The North American POS market report released March 6 said the largest boosts are coming from new store shipments for specialty retailers, particularly for clothing, home improvement and car aftermarkets. Substantial POS device purchases by Kroger and Wal-Mart were specifically cited as helping to drive the numbers.

IHL also found that many retailers are looking to cut costs and/or take advantage of new services so they are buying new POS units with touch-screen LCDs (which lower power costs).
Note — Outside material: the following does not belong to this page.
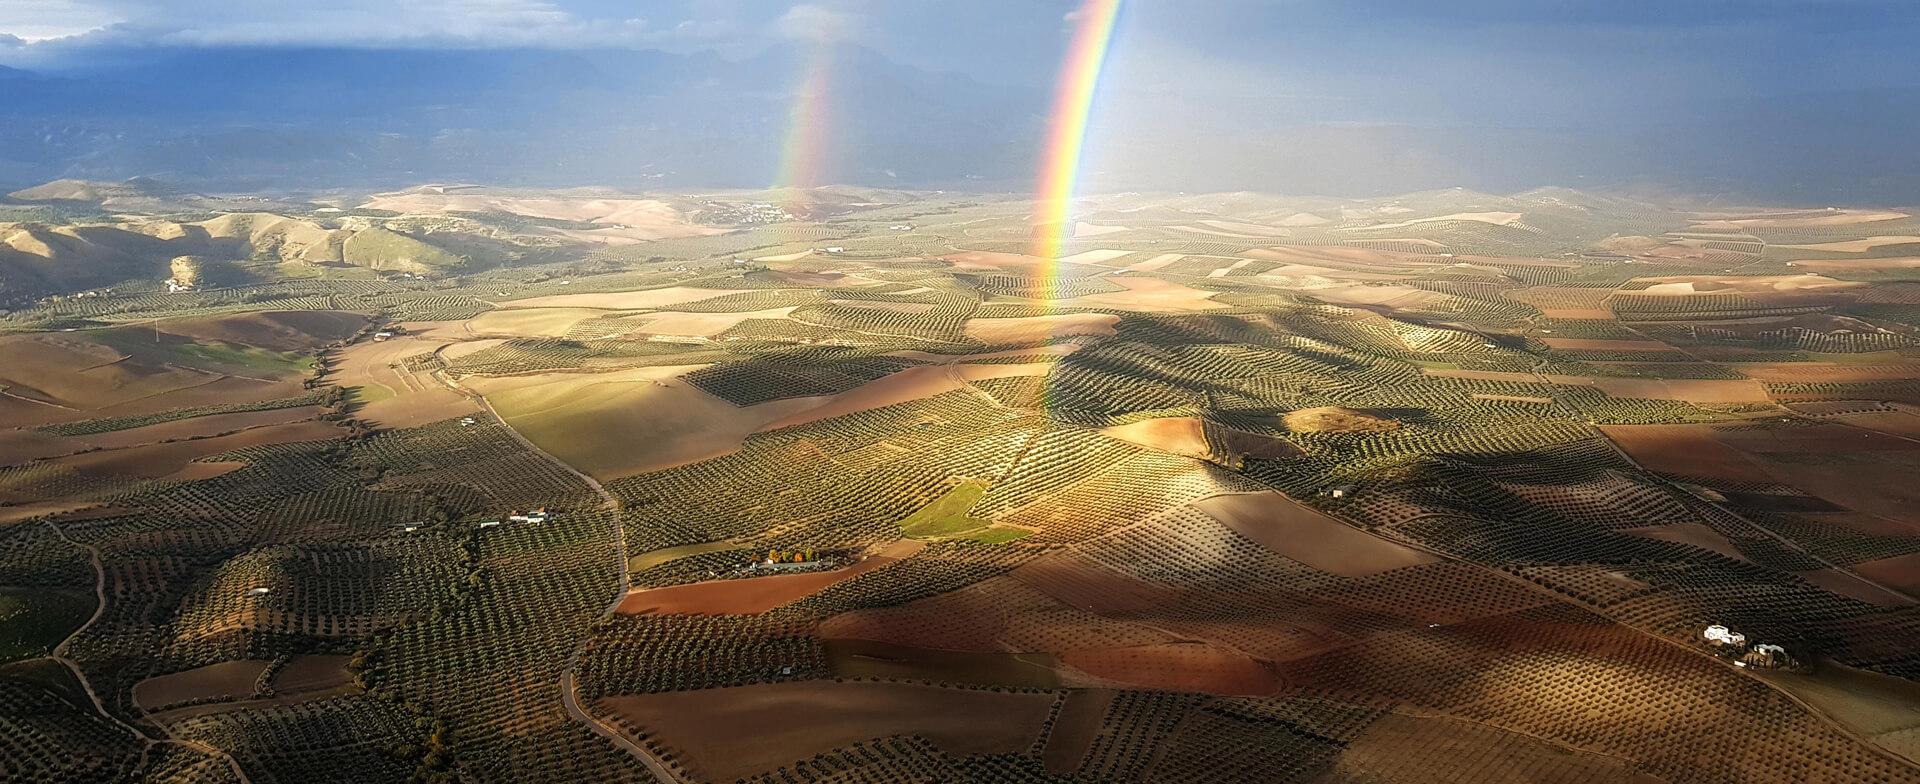 スペインはオリーブオイル生産量が世界一

POS inconsistency is proving costly for top retailers. Click here to read more.

Depending on how the numbers are crunched, Linux may have helped, especially with enthusiastic Linux support from Pep Boys, Burlington Coat Factory and Circuit City. Linux shipments were flat last year, but its percentage of the installed base soared some 44 percent because Linux replaced some POS units based on either MS-DOS or IBM 4690 terminals, IHL President Greg Buzek said in an interview.

“Retailers continue to see the POS as more than just a method for accurately recording sales,” Buzek said. “Added functionality at the POS, whether in the form of capabilities like customer returns, inventory look-up, or work force management, helps retailers see POS as the central system in the store, and they are willing to invest in it accordingly.”

Buzek also found interesting sharp increases in two Microsoft POS offerings: Windows XP Embedded, which saw shipments increase 242 percent, IHL said, and Windows Embedded for Point of Service (WEPOS), which saw shipments climb by 80 percent.

That is interesting, Buzek said, because it’s so strongly influenced by Microsoft license price, which charges $10 more for WEPOS. “That’s why XP Embedded is doing better, even though WEPOS is more flexible,” Buzek said.